Can you provide some suggestions to solve it? Thank you again!

MaverickPeter commented 1 year ago

@diamonazreal ,this issue is related to the mismatched version of the GPU driver and the CUDA, can you provide detailed information about your GPU driver and the GPU version. Also, you might need to use the run.bash scripts in docker to start a container that links the host GPU to the container.

diamonazreal commented 1 year ago

My GPU is GTX3060, and the driver versions using 515 and 470 respectively have the above problems. docker's container is built using run.sh, and the image is MaverickPeter/MR SLAM

MaverickPeter commented 1 year ago

@diamonazreal, I've updated the docker image in dockerhub with the latest update of this repo. Would you kindly check to see whether the CUDA problem persists with the new version?

diamonazreal commented 1 year ago

Hello, I use your newly provided image for Quick Demo test, but the above problems still exist @MaverickPeter

MaverickPeter commented 1 year ago

Based on this answer, I suggest you to force reinstall the PyTorch by running 'pip3 install torch==1.11.0+cu113 torchvision==0.12.0+cu113 torchaudio==0.11.0 --extra-index-url https://download.pytorch.org/whl/cu113'

diamonazreal commented 1 year ago

@MaverickPeter Hello, I executed the instruction in docker according to your suggestion, but this error still exists. At the same time, I tested other CUDA test code found on the Internet, and did not have the above problems

MaverickPeter commented 1 year ago

@MaverickPeter Hello, I executed the instruction in docker according to your suggestion, but this error still exists. At the same time, I tested other CUDA test code found on the Internet, and did not have the above problems

@diamonazreal It seems the problem is caused by the torch?
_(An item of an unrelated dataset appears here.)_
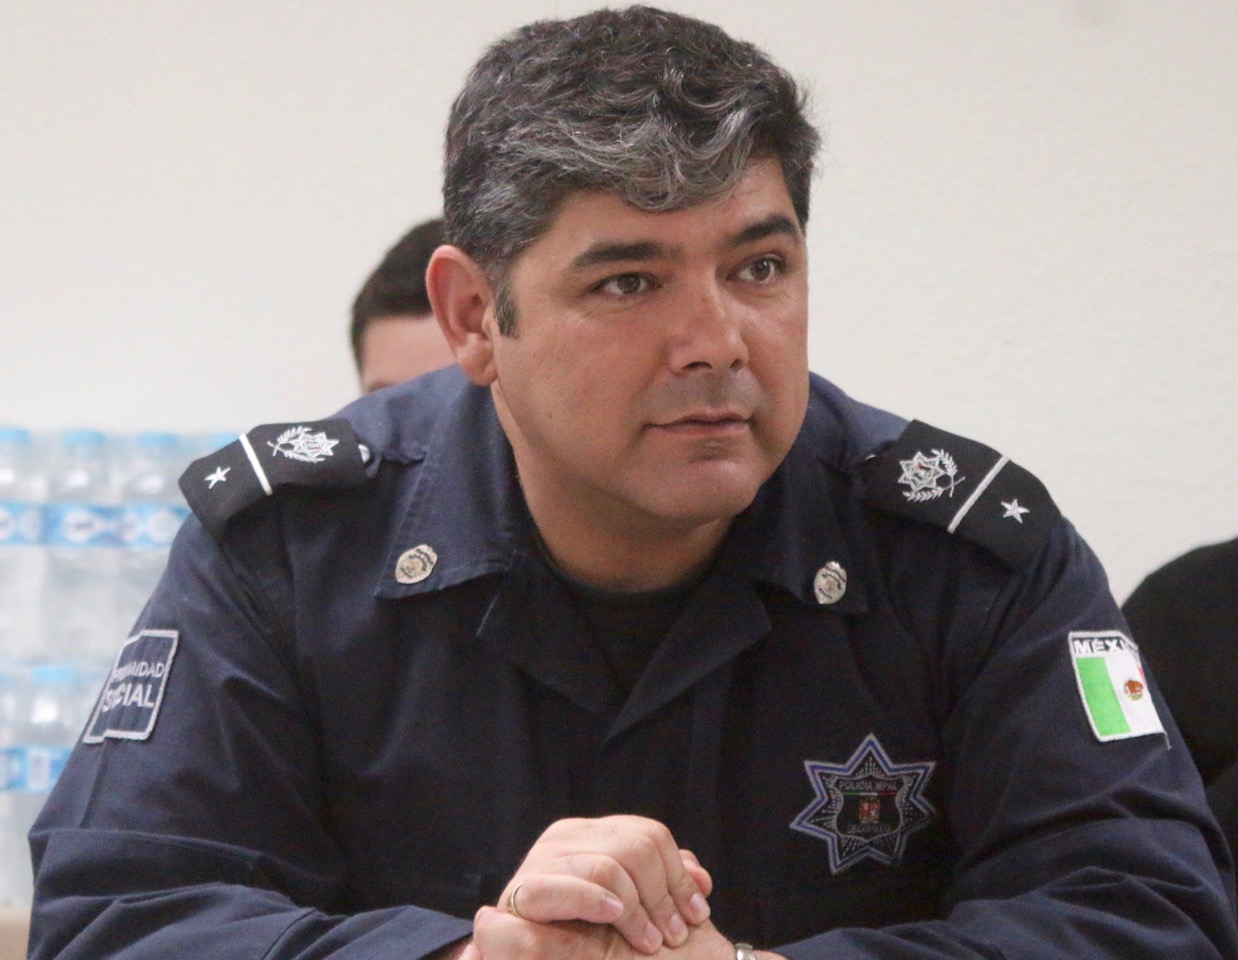  DGSPM no solapará mal actuar de policías, dice Jiménez Arcadia por video de riña entre policías y civiles

Have you tried to upgrade the torch version to 1.12.1, you may use the command below: 'pip install torch==1.12.1+cu113 torchvision==0.13.1+cu113 torchaudio==0.12.1 --extra-index-url https://download.pytorch.org/whl/cu113'

diamonazreal commented 1 year ago

@MaverickPeter Hello, I executed the instruction in docker according to your suggestion, but this error still exists. At the same time, I tested other CUDA test code found on the Internet, and did not have the above problems

@diamonazreal It seems the problem is caused by the torch? Have you tried to upgrade the torch version to 1.12.1, you may use the command below: 'pip install torch==1.12.1+cu113 torchvision==0.13.1+cu113 torchaudio==0.12.1 --extra-index-url https://download.pytorch.org/whl/cu113'

I tried using a 2060GPU and replicated it successfully. Can't this algorithm run on a 30-series GPU?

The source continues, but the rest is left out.